*** Supplied data ***

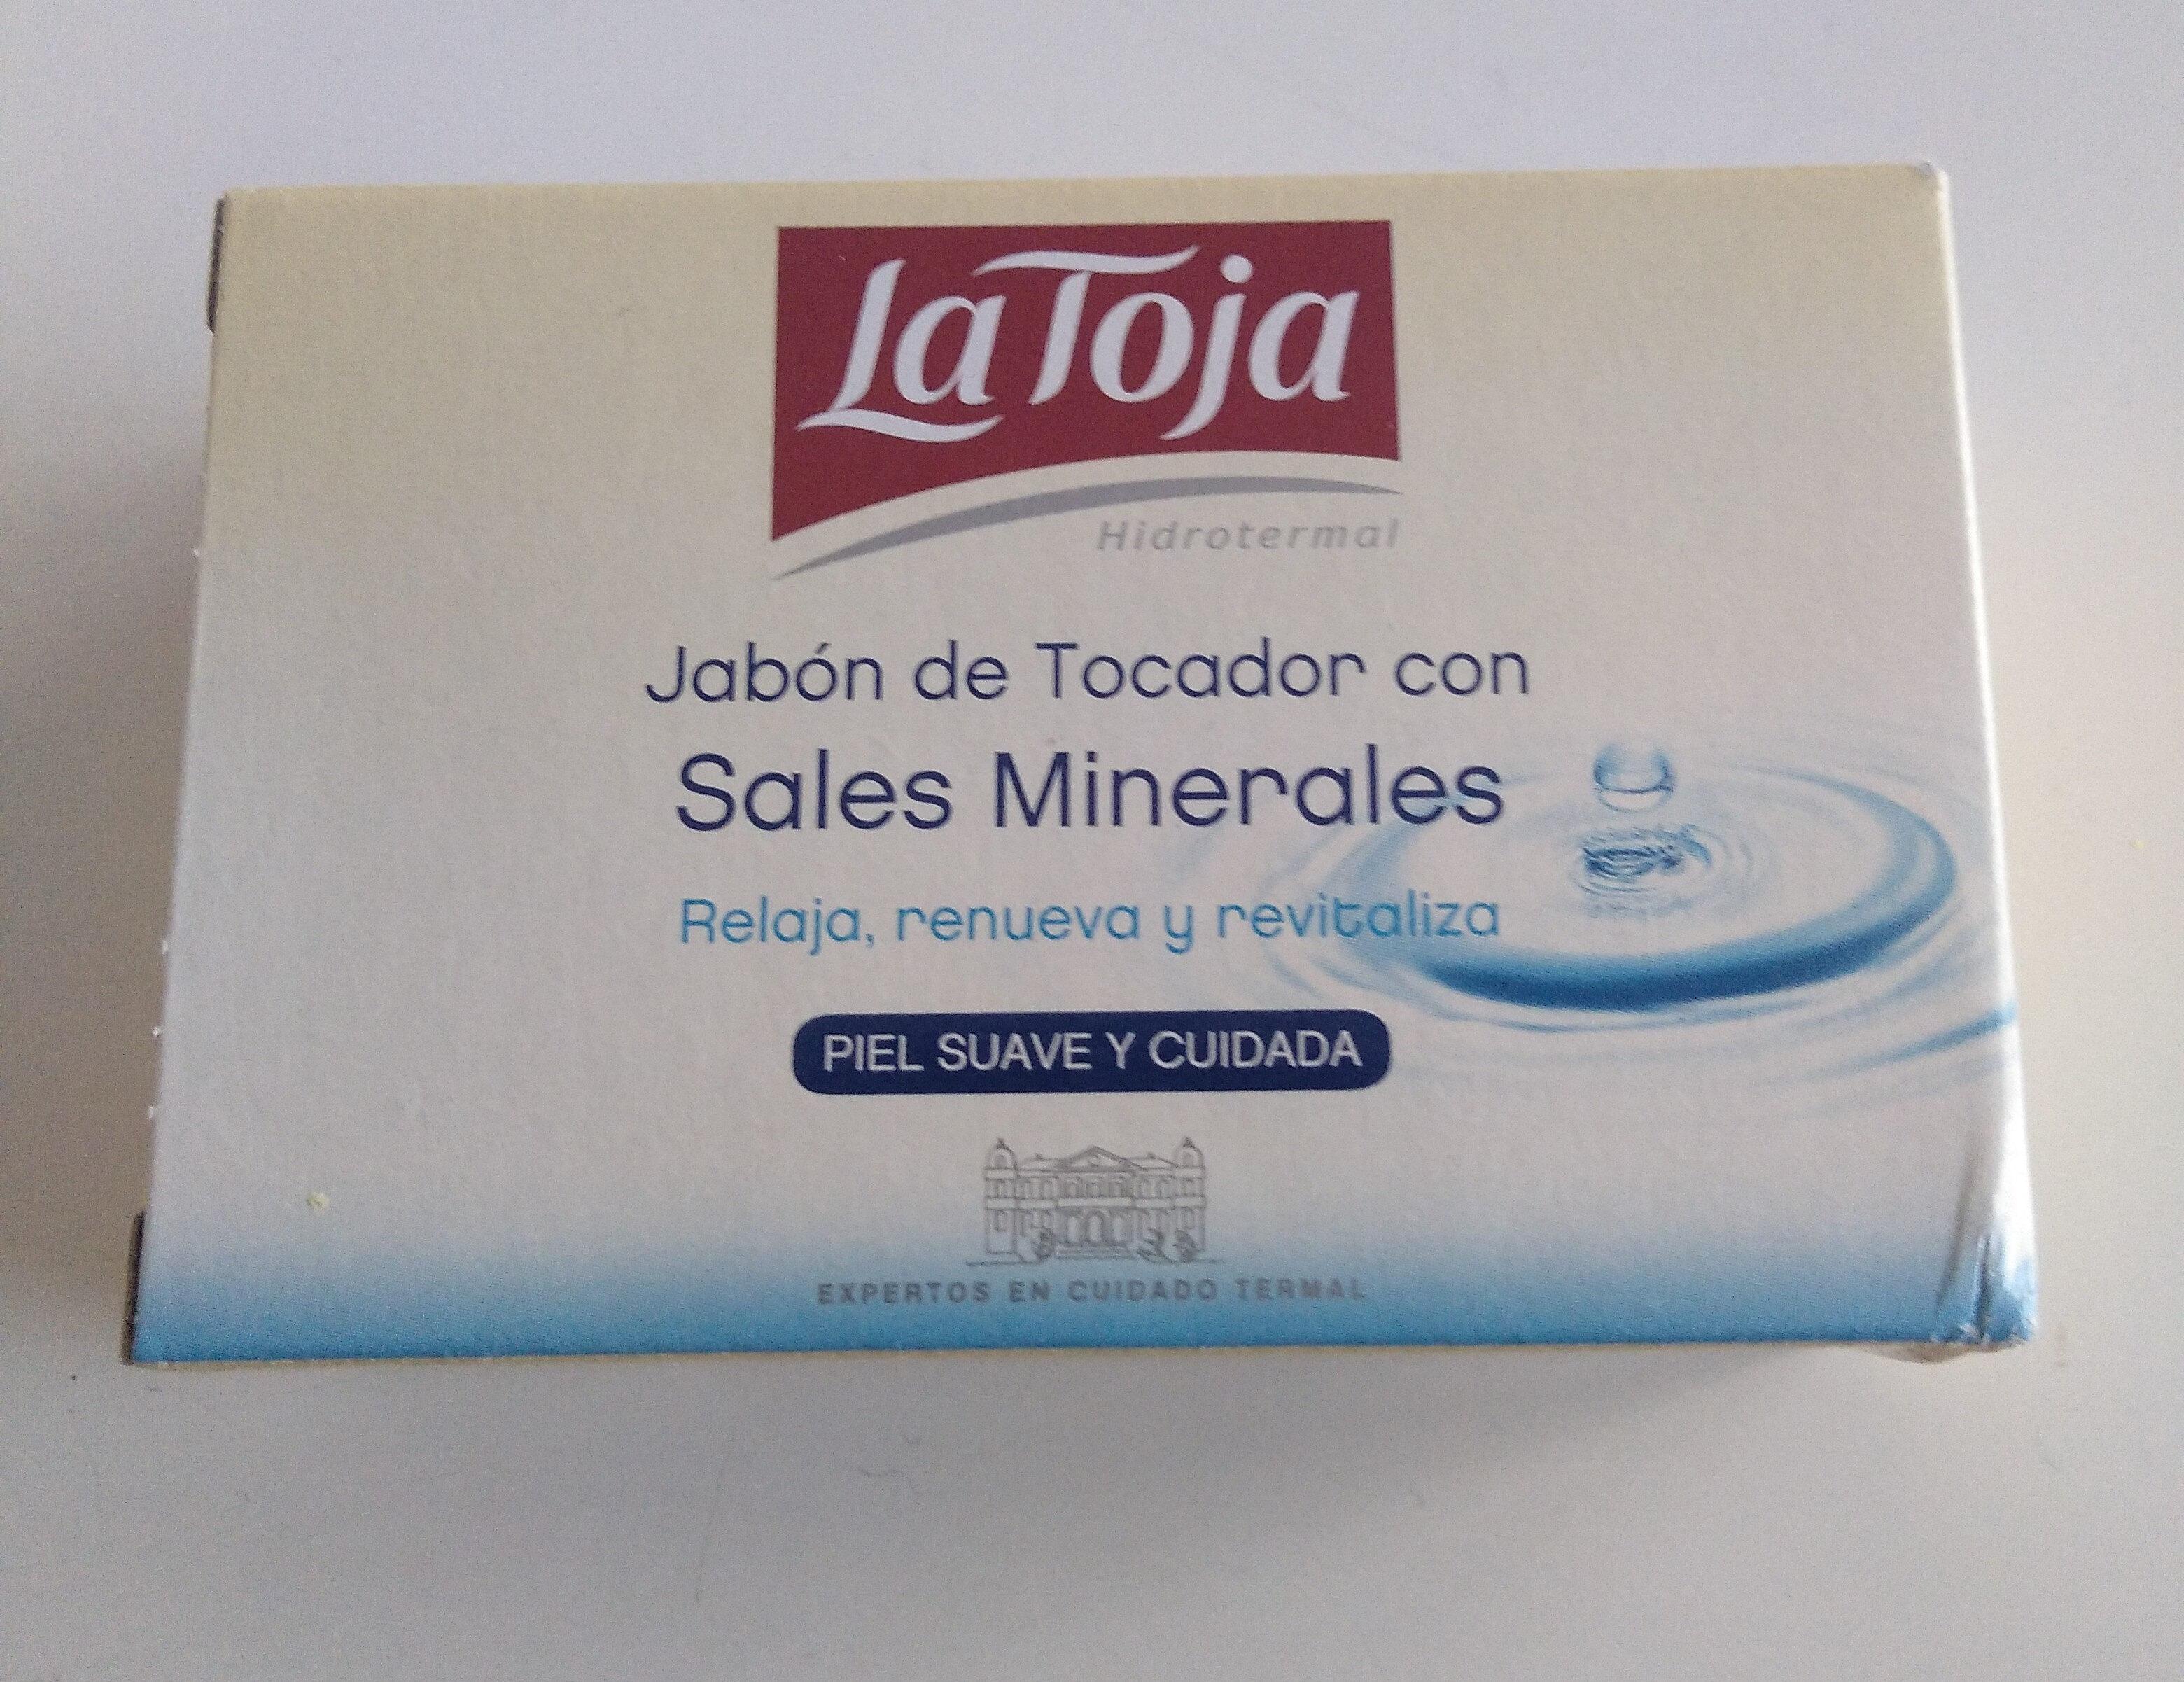 la Toja jabón de tocador con sales minerales - Product
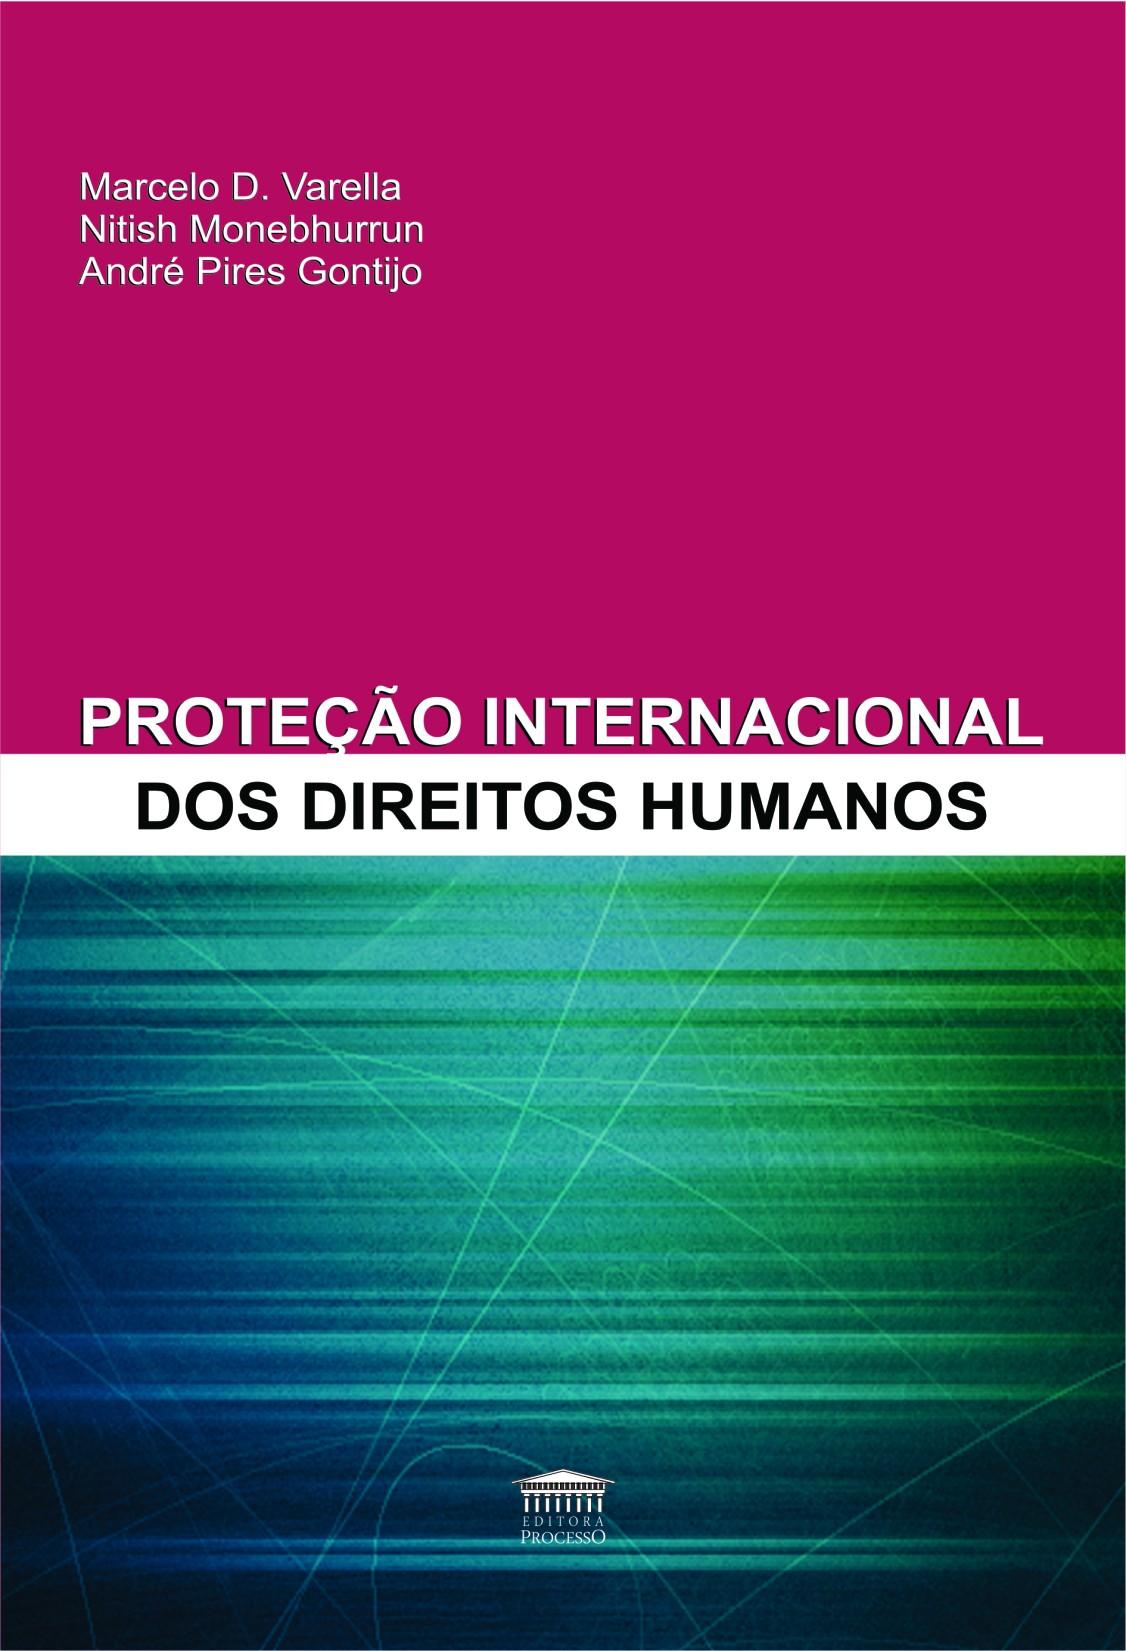 Foto 1 - Proteção Internacional dos Direitos Humanos
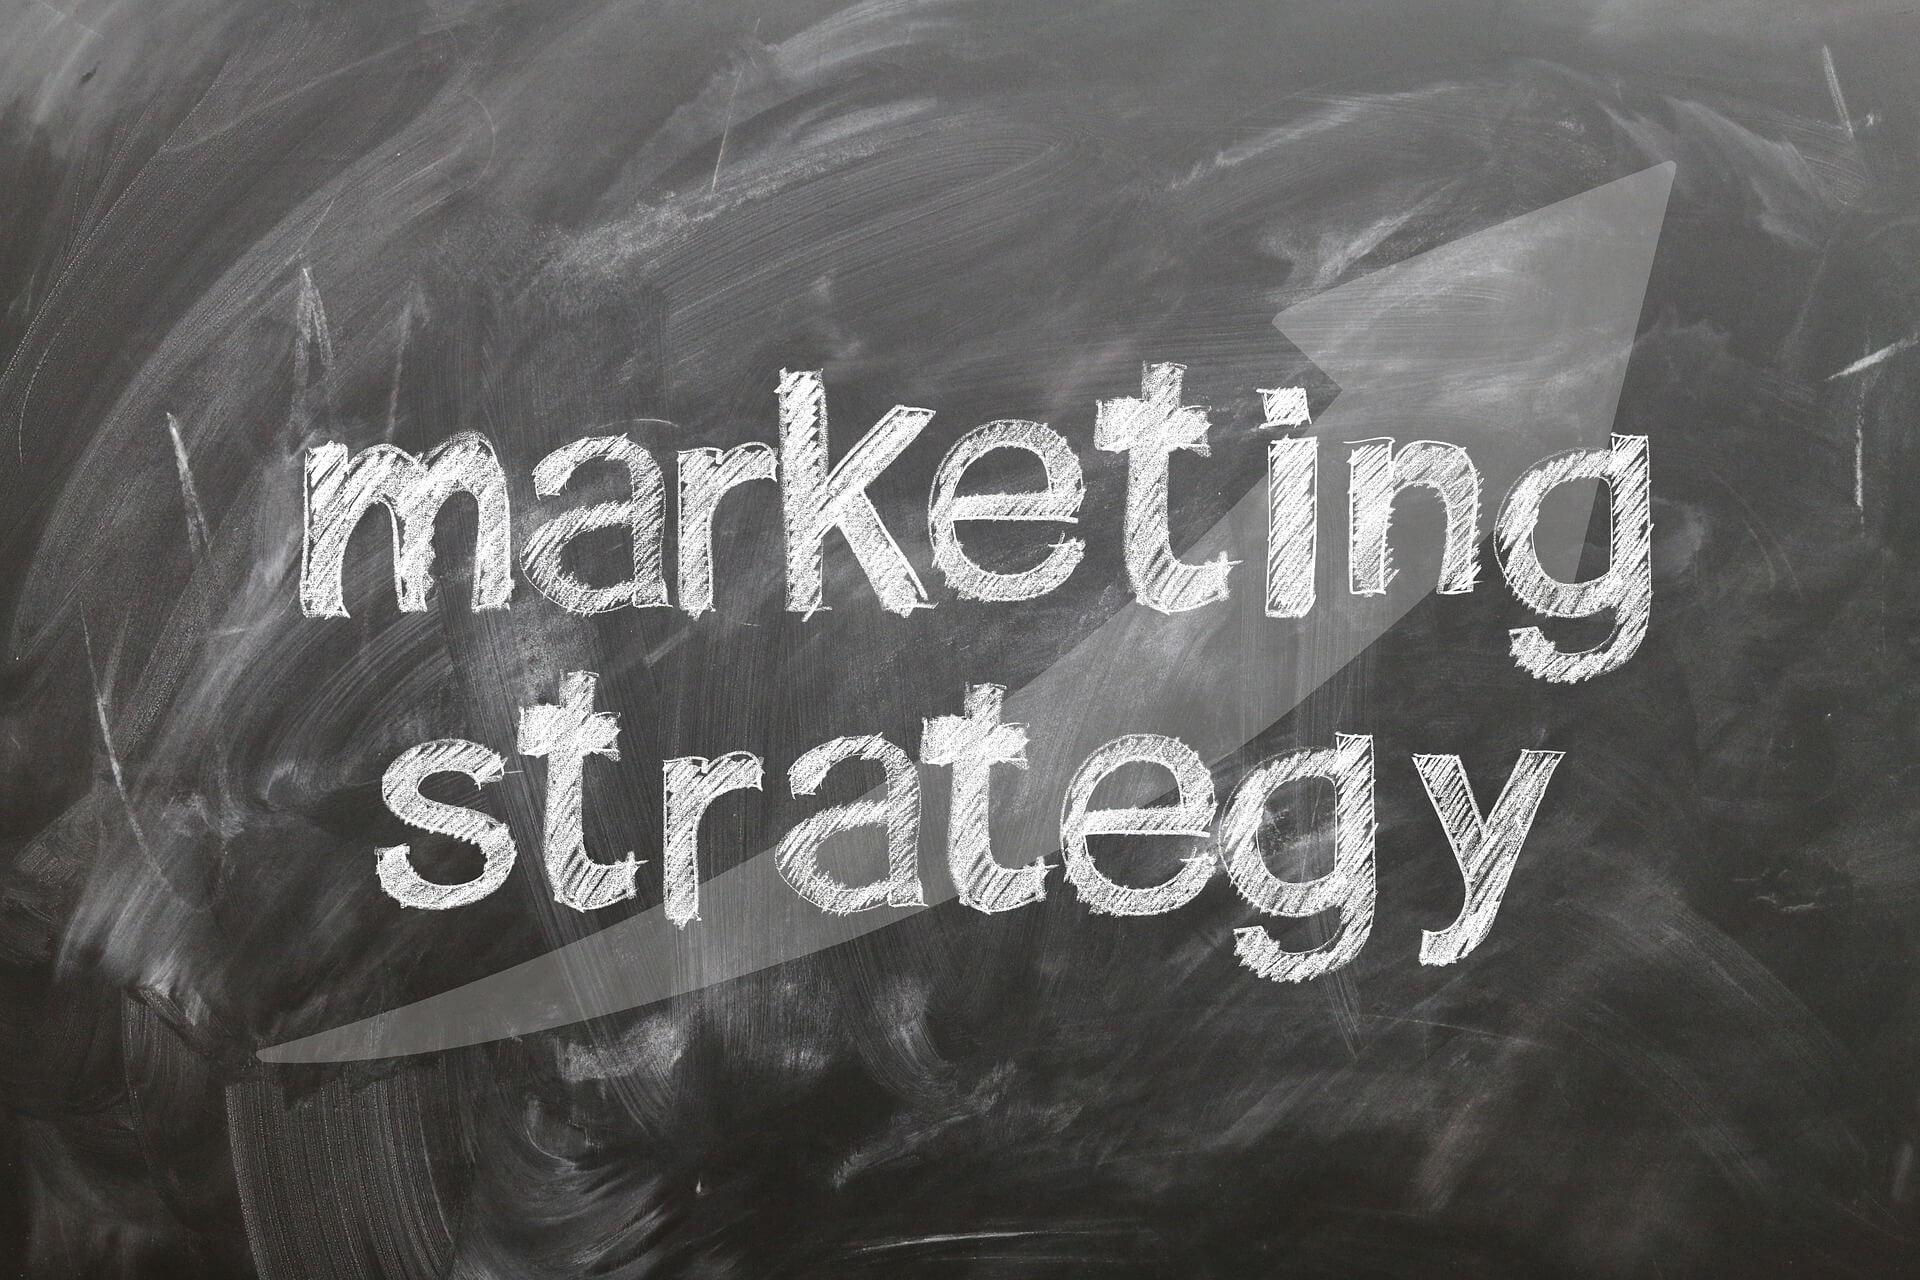 Tener claro cada uno de los puntos de mercadotecnia, hará que nuestro negocio despeguese centre mas en nuestro target

*** End of Supplied data ***

= What is expected =
Apart from the pictures, all of the data must be duplicated exactly as shown above.

= Answer to this task =
 la Toja jabón de tocador con sales minerales - Product
 Foto 1 - Proteção Internacional dos Direitos Humanos
 Tener claro cada uno de los puntos de mercadotecnia, hará que nuestro negocio despeguese centre mas en nuestro target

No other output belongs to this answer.